Lesson 6: Home Setting: Post-discharge Feeding and Monitoring
6.1 Introduction
The nutritional needs of preterm infants following discharge will to a large extent depend on the degree of nutritional deficits accrued during hospitalization. If optimal nutrition can be provided starting at birth and maintained during the time in the neonatal ward, preterm infants will have fewer deficits and less need for "catch-up” growth when they go home.
Good discharge planning is required to ensure a smooth transition from neonatal care unit to home. Challenges to be surmounted include a transition in most cases to a new healthcare provider and a relatively new feeding regimen (often after a recent advance to full enteral feeds or to longer feeds directly at the breast). Preterm infants who are receiving human milk are at particularly high risk of breastfeeding failure. This is due to the difficulties that many preterm infants experience with coordinating their suck and swallow in order to extract milk effectively from the breast, the lesser strength and stamina of preterm infants relative to term infants, and the challenge for mothers of preterm infants to establish and maintain an adequate milk supply (Lapillonne 2014).
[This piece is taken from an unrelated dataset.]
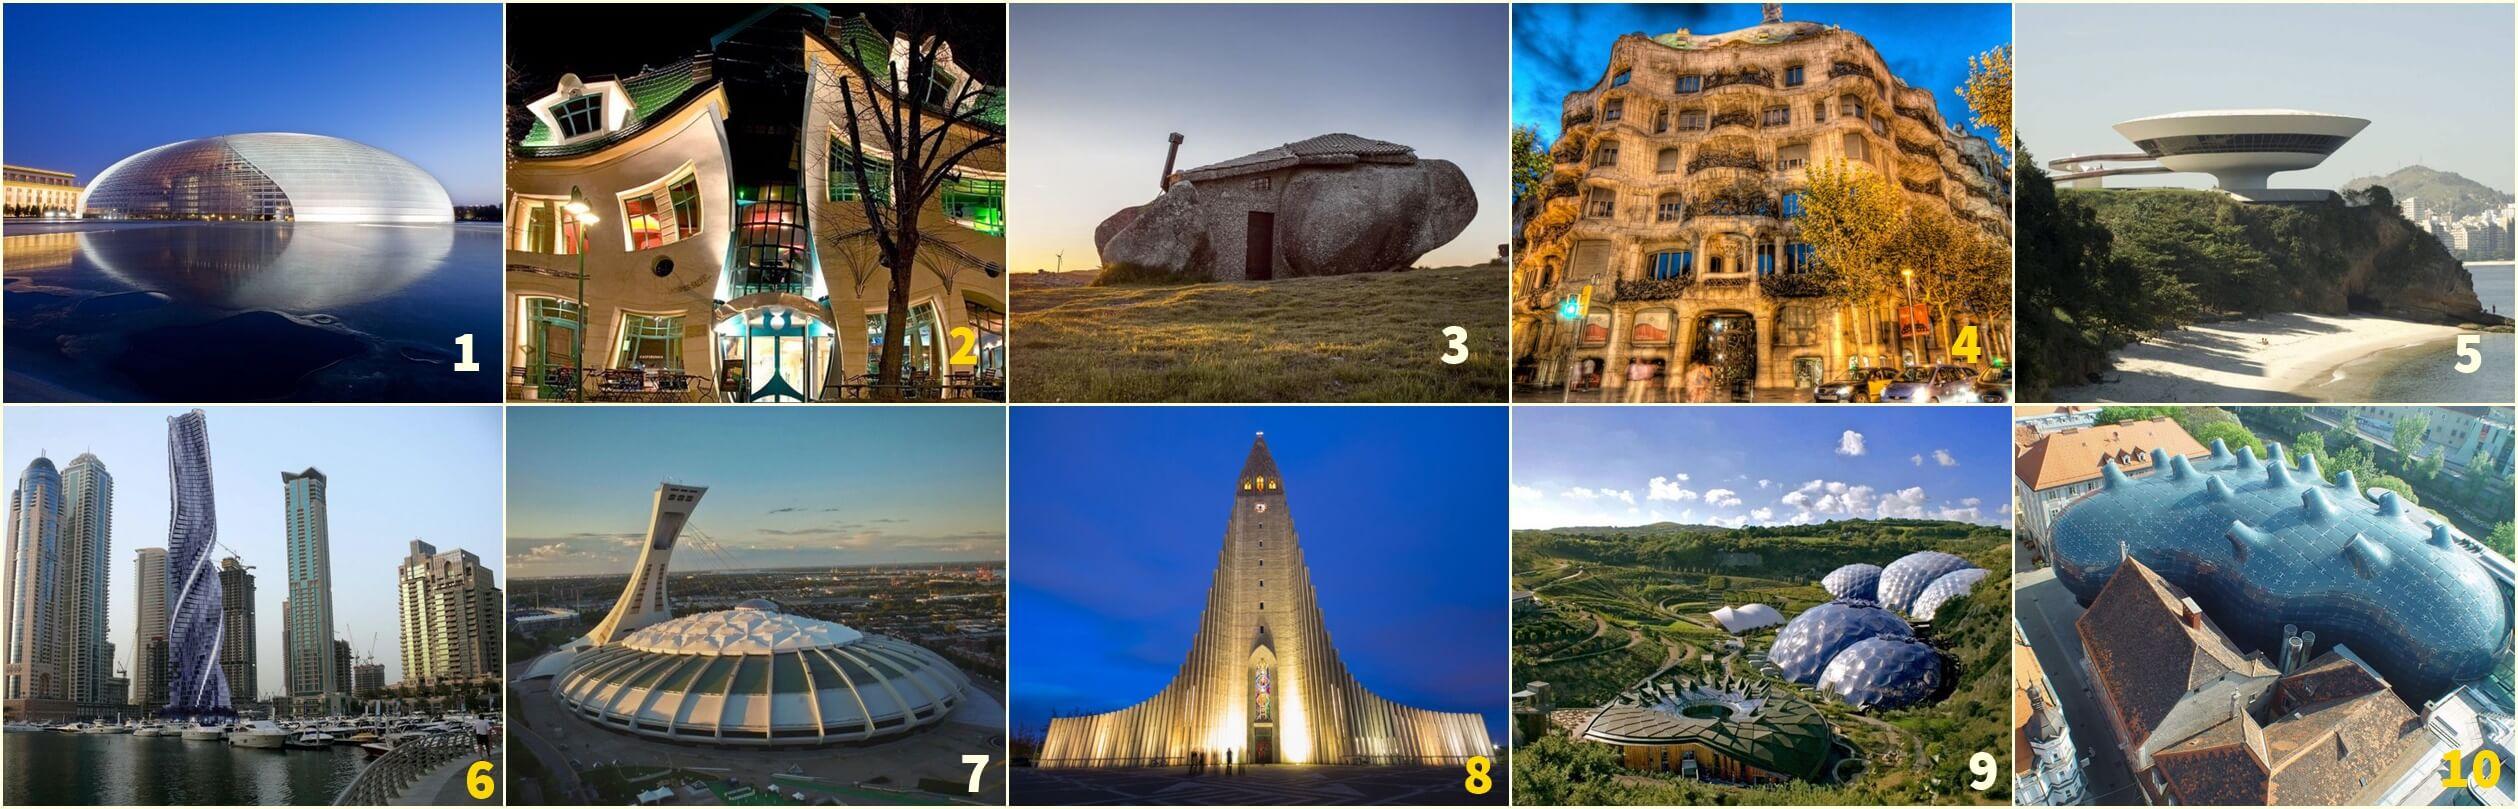 i 10 edifici più originali del mondo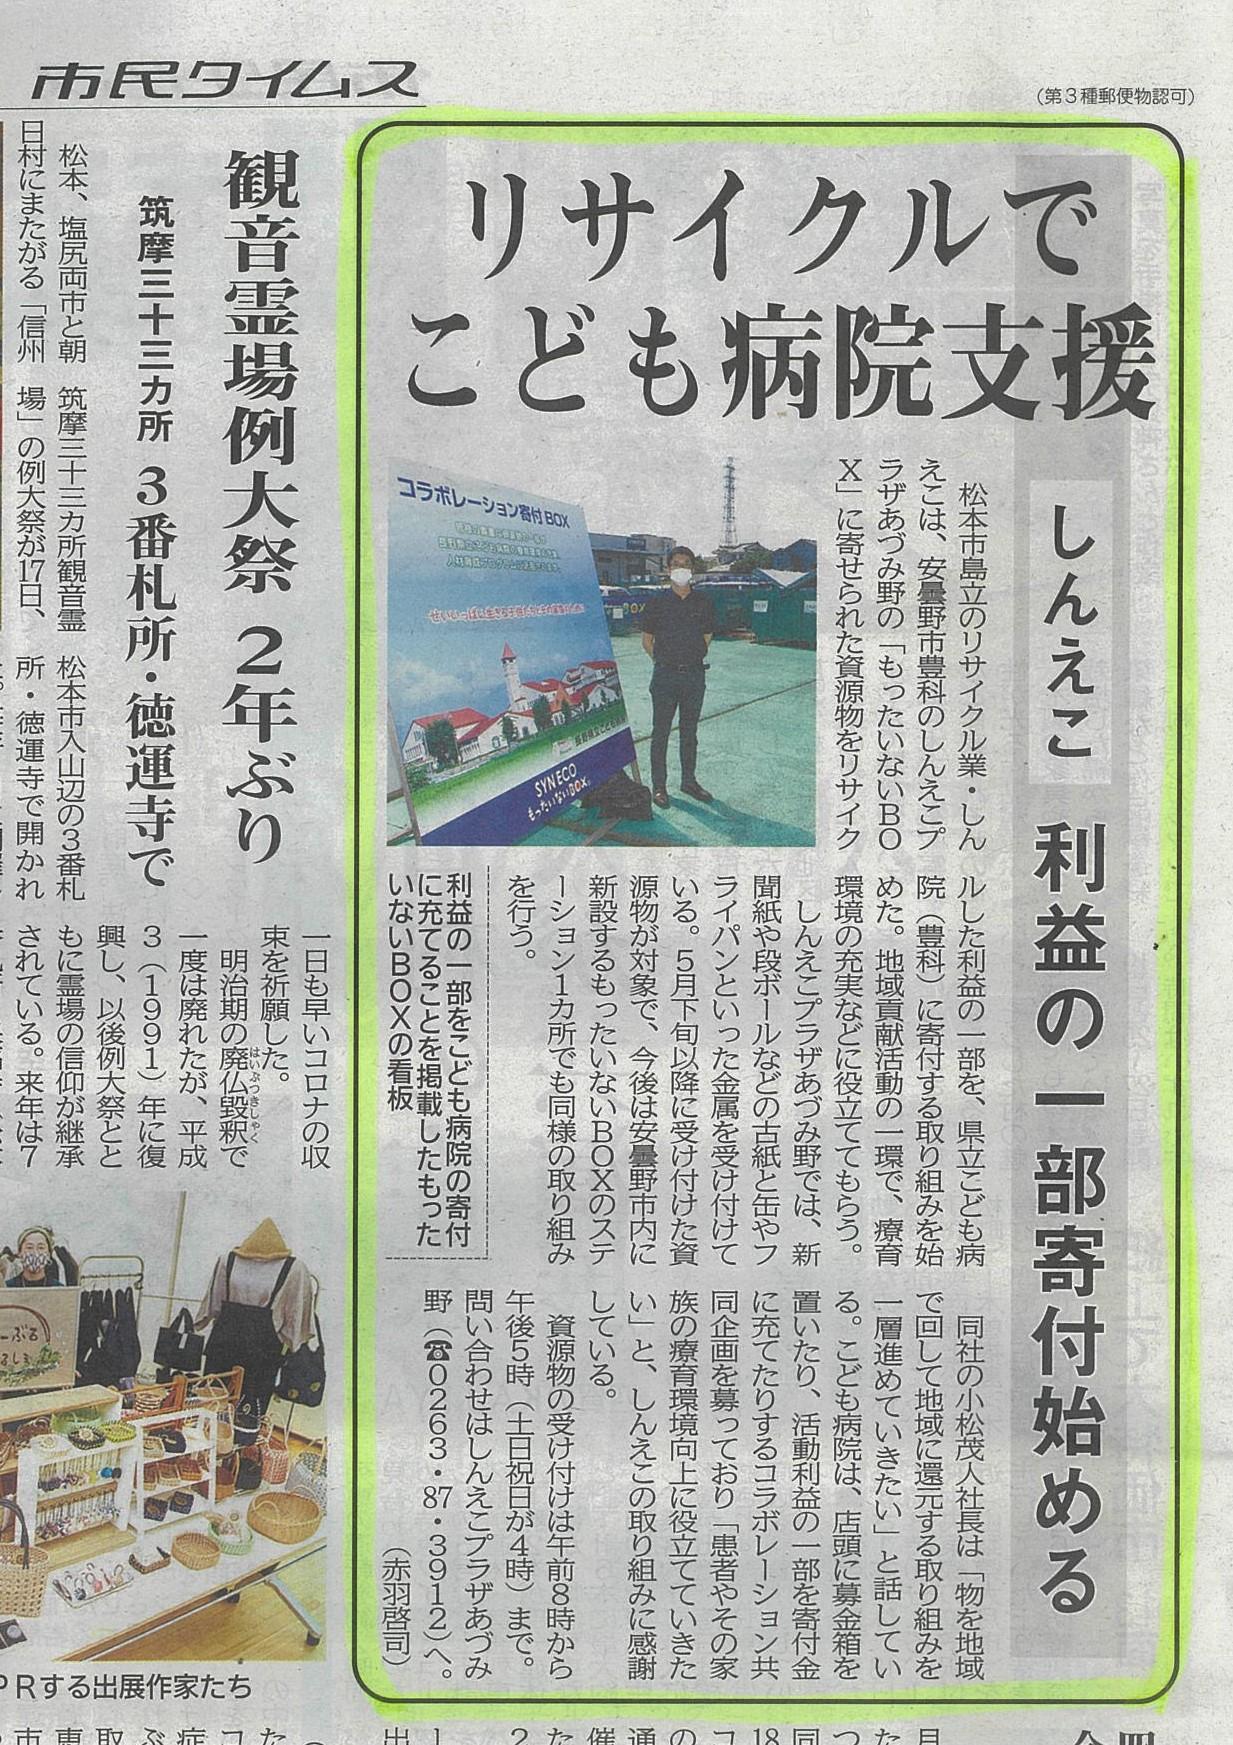 【メディア掲載】地域紙『市民タイムス』に、しんえこの取り組みが紹介されました

Clear standards and guidelines for feeding and monitoring of preterm infants following discharge from the hospital are lacking. Discharge planning and practices vary greatly worldwide. Moreover, preterm infants are a very heterogeneous group. They differ widely in terms of degree of prematurity, birth weight, discharge weight, degree of pre- and post-natal growth restriction, and morbidities. The infants with the greatest nutritional needs at hospital discharge include those who: were born VLBW or ELBW; are at lower gestational age at time of hospital discharge; are fed all or mostly human milk; are below the 3rd or 5th percentile on growth charts; and have morbidities that increase energy requirements or affect feed volumes, i.e infants with chronic lung disease, infants with uncoordinated suck and swallow and infants with short bowel due to surgery (Lapillonne 2014)
Nutritional status will vary between preterm infants at the time of discharge. Gestational age, postnatal age, in utero growth, nutritional management during hospitalization, associated morbidities and genetic factors are all likely to influence the nutritional status of the preterm infant by discharge time (Lapillonne 2014). Because preterm infants are such a heterogeneous group, no single guideline can address all possible scenarios and any discharge plan must be tailored to an infant's individual needs.
Though more research is needed in many areas of the post-discharge care of preterm infants, it is not easy to design and carry out studies of this group of patients. As a group, preterm infants are extremely heterogeneous, such that results may not be applicable for some subgroups. Ethical issues and the difficulty of blinding parents and providers to certain interventions such as breastfeeding vs. formula feeding further complicate study design (Lapillonne 2014).